Laurel Gallery    
  The earliest in this suite of biographical documents is headed "Frances Pratt: Biographical Note" and is typed on the letterhead of Laurel Gallery, in New York City, on East 57th Street just off Park Avenue. Although the typescript is undated, it can reasonably be placed in the brief period of Laurel's operations, 1946 to 1950; it is most probable that this was prepared for Pratt's one-person exhibition at the gallery in 1946.

The typescript was also altered at least as late as 1949 with handwritten amendments reflecting her participation in the Corcoran Gallery of Art Biennial in 1949 and group exhibitions sponsored by the Audubon Society (1948-1952). It is not known whether these additions were simply Pratt's notes to herself or if they were updating her participation in later group exhibitions at Laurel. The former may be more likely, as the document was not updated to reflect those other Laurel appearances. It is interesting to note that the updates do not include the publication of Encaustic Materials and Methods.

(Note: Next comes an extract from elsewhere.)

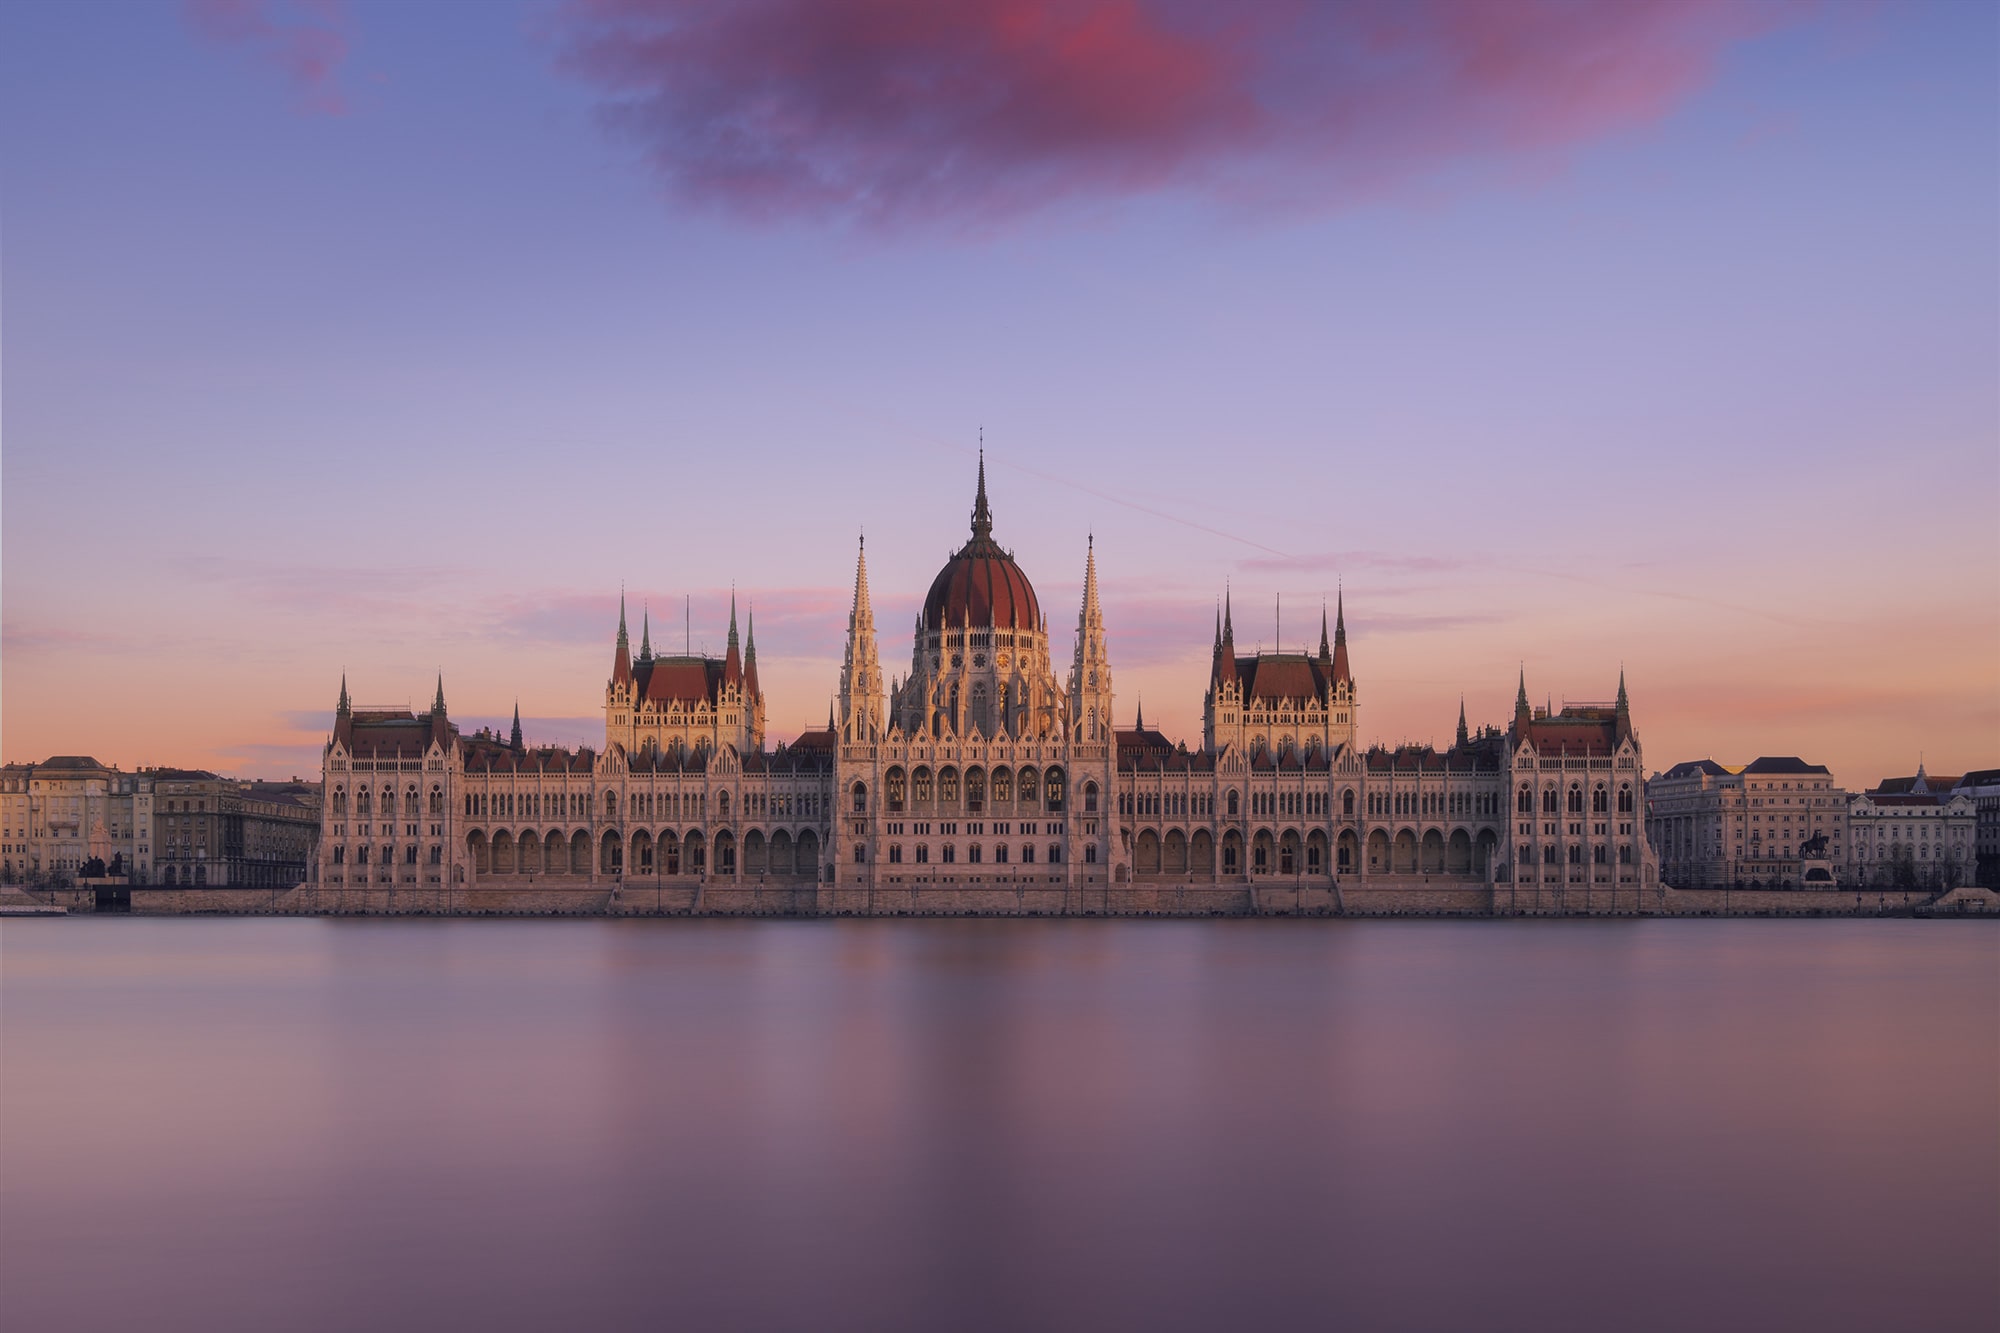 Delight in the mesmerizing beauty of Budapest's Parliament building captured at sunset in this stunning long exposure photograph by travel photographer Jennifer Esseiva using her Nikon Z8. The warm hues of the setting sun cast a golden glow over the majestic architecture, while the gentle movement of the clouds adds a sense of serenity to the scene. From the intricate details of the building's façade to the tranquil waters of the Danube River below, every element is expertly composed to evoke a feeling of awe and wonder. Immerse yourself in the breathtaking panorama of Budapest's skyline as captured by Jennifer Esseiva, and experience the magic of sunset over the Parliament.

Although the history of the Laurel Gallery was relatively short, it nonetheless played a not altogether unimportant role in mid-century American modernism. It was founded in 1946 by Pratt's then-husband, Chris Ritter, also a painter. Among the first artists seen at the new gallery were Pratt and, in her first solo exhibition, Grace Borgenicht, who quickly became a Ritter's partner in gallery operations, and not merely an exhibiting artist.